Summary. The paper claims that entropy collapse during RL training of reasoning LLMs limits performance, and establishes an empirical transformation equation R=-a*e^H+b between policy entropy H and downstream reward R, indicating that performance is traded from entropy and bottlenecked by its exhaustion with a predictable ceiling at H=0. It derives theoretically that entropy dynamics are driven by the covariance between action probability and logit change (proportional to advantage under policy-gradient updates), shows empirical match between this covariance and observed entropy differences, notes that the covariance remains mostly positive (explaining monotonic entropy decrease), and proposes Clip-Cov and KL-Cov interventions that restrict updates on high-covariance tokens to encourage exploration and improve final performance.

Significance.

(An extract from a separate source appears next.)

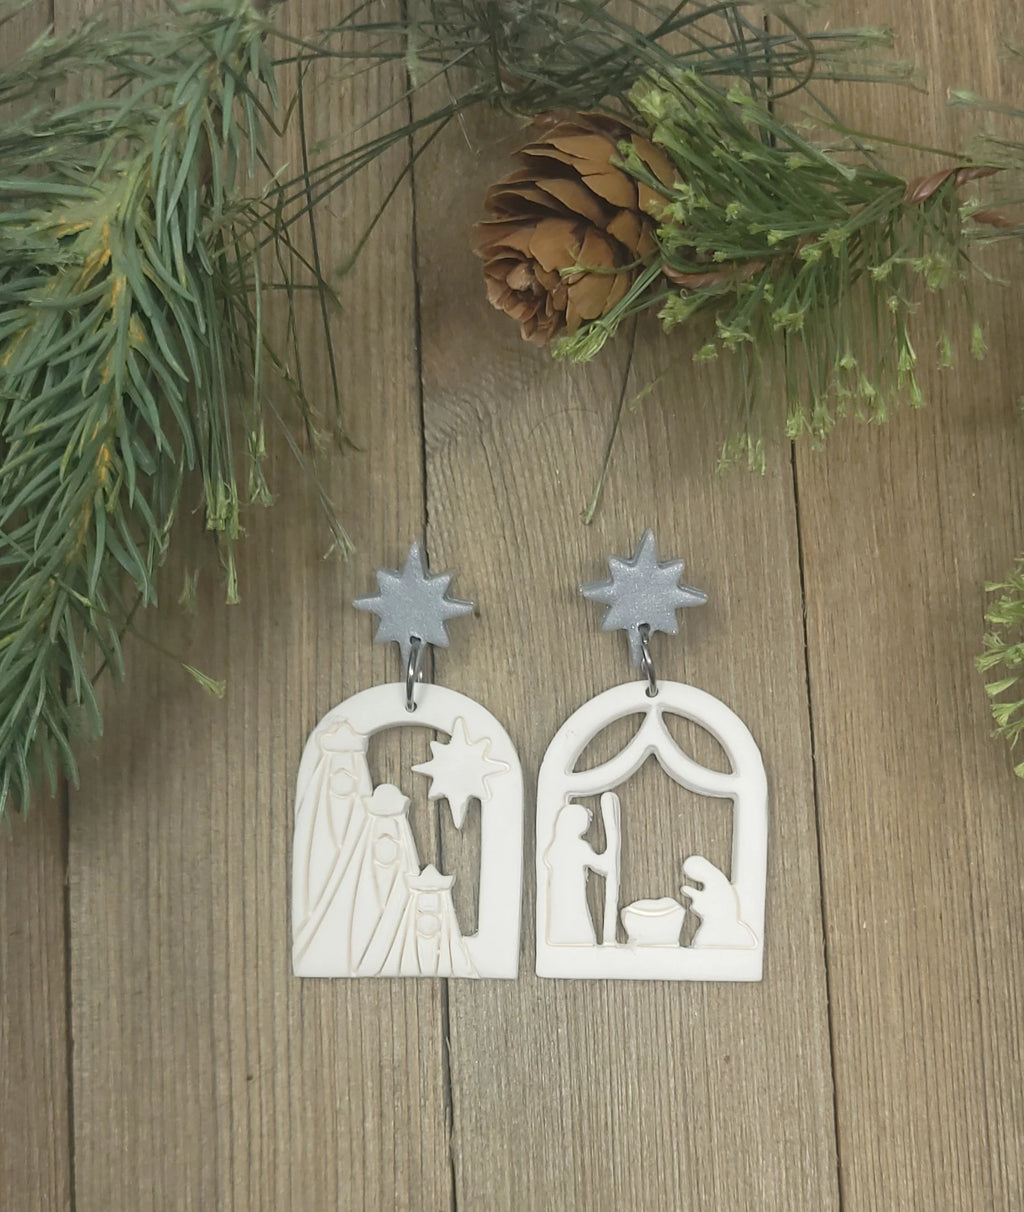 Nativity Scene earrings/ three wisemen Christmas earrings

If the fitted R-H relation proves robust and the interventions are shown to respect or exceed the predicted curve, the work could meaningfully advance practical entropy management in RL for LLMs, addressing a recurring scaling obstacle. The covariance-based mechanistic account of entropy change is a clear strength that could guide future algorithm design, provided its generality is established beyond the reported runs.

major comments (3)

The transformation equation R=-a*e^H+b is presented as an 'empirical law' that 'strongly indicates' performance is traded from entropy and 'bottlenecked by its exhaustion.' This relation is obtained by fitting observed (H,R) pairs along standard RL trajectories; no derivation connects the covariance-driven entropy dynamics to the specific exponential form. Moreover, while Clip-Cov and KL-Cov are shown to raise final performance while preserving entropy, the manuscript does not verify whether the new (H,R) points remain on the original fitted curve or exceed the extrapolated ceiling, leaving the causal bottleneck interpretation unsupported by interventional evidence.
In the theoretical analysis, the covariance term is stated to be proportional to advantage when using Policy Gradient-like algorithms. This creates a risk of circularity because advantage is the quantity that directly drives the policy update; the manuscript should explicitly state the assumptions under which the proportionality holds and clarify whether the observed positivity of the covariance is a derived necessity or an empirical regularity of the specific tasks and runs.
The empirical study claims an exact match between the covariance term and entropy differences, supporting the theoretical conclusion. However, the claim that the covariance 'stays mostly positive throughout training' (thereby explaining monotonic entropy decrease) is presented as an observation rather than a general result; its dependence on task, model scale, or algorithm variant is not systematically tested, weakening the generality of the entropy-dynamics explanation.

minor comments (2)

The abstract refers to 'vast RL runs' without providing the number of runs, task diversity, or model scales in the main text or appendix, making it difficult to assess the breadth of the empirical support.
The parameters a and b in the transformation equation receive no theoretical interpretation beyond being fit coefficients; a brief discussion of their expected range or dependence on task difficulty would improve clarity.

Simulated Author's Rebuttal

3 responses · 2 unresolved

We thank the referee for the constructive and insightful comments, which help clarify the scope and limitations of our empirical and theoretical claims. We address each major point below, acknowledging where revisions are needed to strengthen the presentation and evidence.

read point-by-point responses

Referee: The transformation equation R=-a*e^H+b is presented as an 'empirical law' that 'strongly indicates' performance is traded from entropy and 'bottlenecked by its exhaustion.' This relation is obtained by fitting observed (H,R) pairs along standard RL trajectories; no derivation connects the covariance-driven entropy dynamics to the specific exponential form. Moreover, while Clip-Cov and KL-Cov are shown to raise final performance while preserving entropy, the manuscript does not verify whether the new (H,R) points remain on the original fitted curve or exceed the extrapolated ceiling, leaving the causal bottleneck interpretation unsupported by interventional evidence.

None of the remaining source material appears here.